GAO report on National Cord Blood Inventory


01-Oct-2011

As a condition of their renewed funding for public cord blood banking, Congress required the U.S. Government Accountability Office (GAO) to conduct a study on the economic viability of the national cord blood program. The report is titled "Practices for Increasing Availability for Transplants and Related Challenges". (download the 39 page pdf file)

Here are some interesting facts in the report:

The organizations NMDP and CIBMTR forecasted that, by the year 2015, there should be over 10,000 patients per year having stem cell transplants from unrelated donors. (Reference: Talk on "Unmet Needs" presented to the HRSA Advisory Council Nov. 2011)

Instead of rising, in recent years the rate at which the NMDP has been releasing cord blood transplants has been nearly flat, even though the cost per cord blood unit has remained constant at $30K during this time frame. (Reference: GAO pdf file p.26) A wider review suggests that there are multiple factors impacting patient access to transplants.

NMDP sales of cord blood units for transplants:
2005-2006 sales increased 13.6 %
2006-2007 sales increased 38.4 %
2007-2008 sales increased 00.2 %
2008-2009 sales increased 10.4 %
2009-2010 sales increased 00.4 %

The NMDP is considering raising the minimum threshold for storing donations from 90 million to 1.25 billion TNC (TNC = Total Nucleated Cells).

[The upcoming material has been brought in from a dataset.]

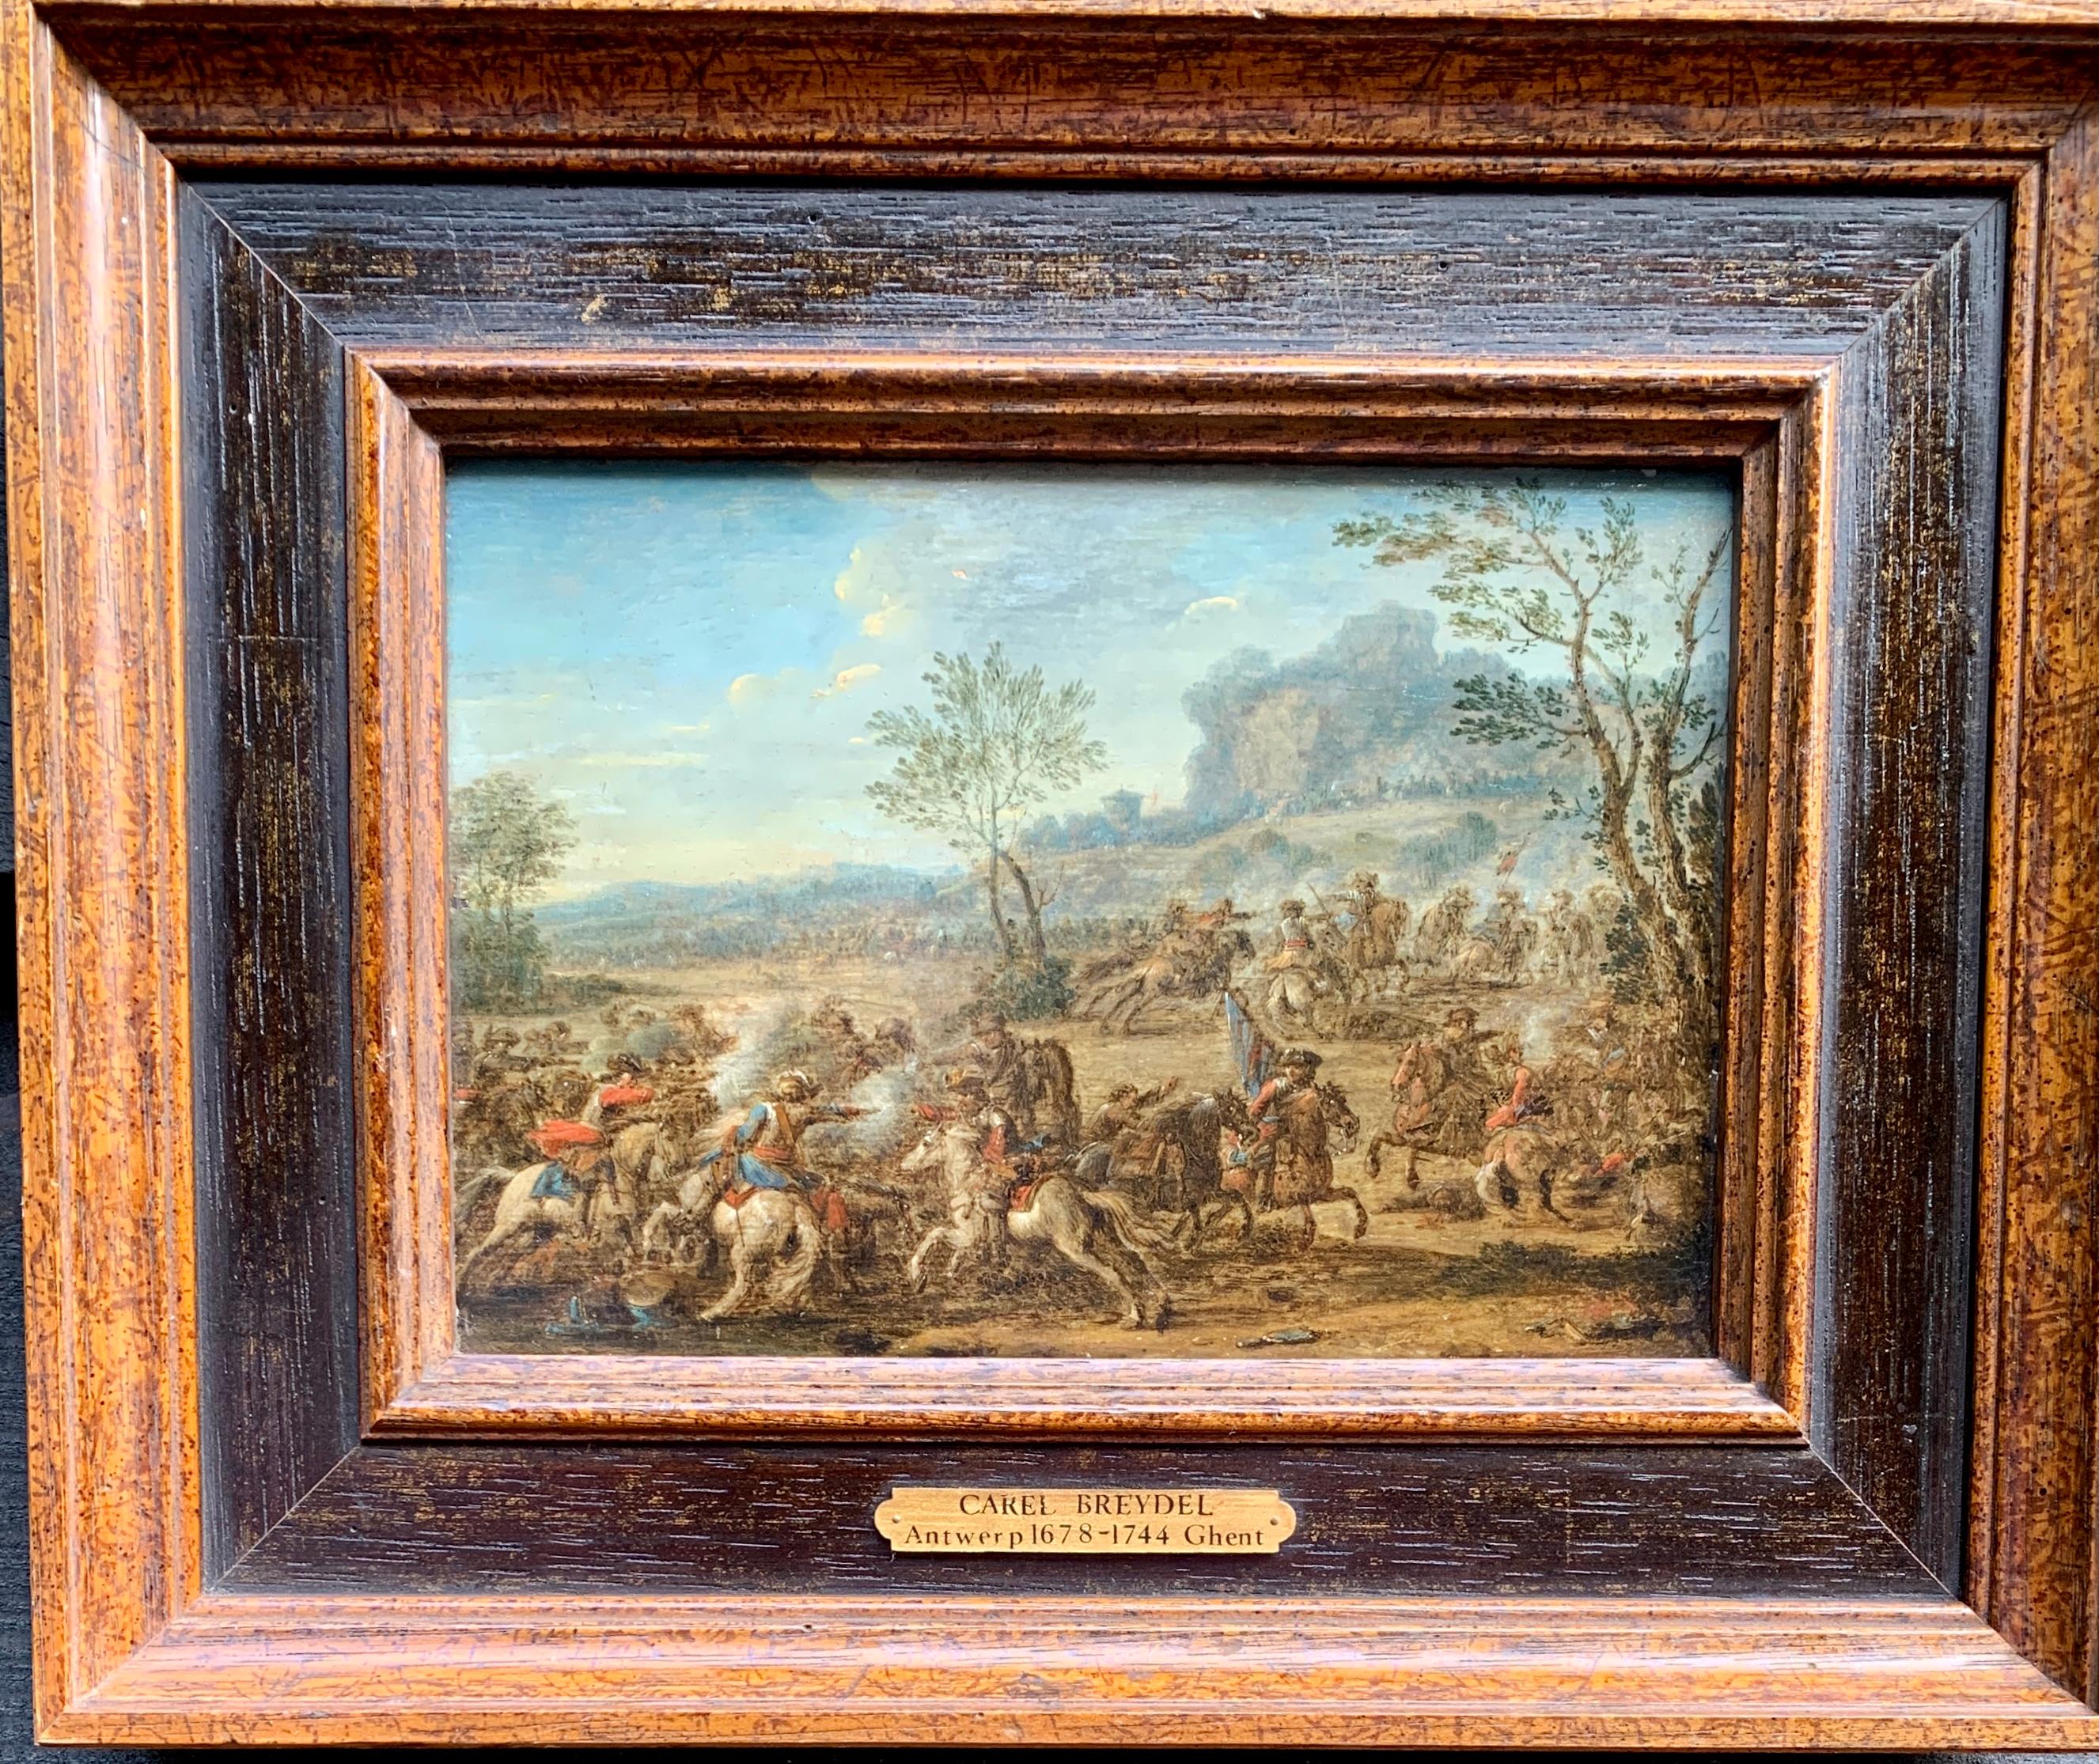 Karel Breydel Figurative Painting - Antique 17th or 18th century Dutch Men on horses in Battle in a landscape

A review of their inventory shows that the largest units are the most likely to be released for transplant.  Hence if they only bank the largest units, they will only be spending money on the ones that are most likely to yield a return on investment.

However, only the biggest babies and the best cord blood collections have this many cells. It is estimated that raising the threshold to 1.25 billion TNC would result in only 10% of cord blood donations being accepted.  Also, it would be detrimental to HRSA's goal of increasing the genetic diversity of the donor pool, because African American collections tend to have smaller volumes and lower stem cell counts than Caucasians.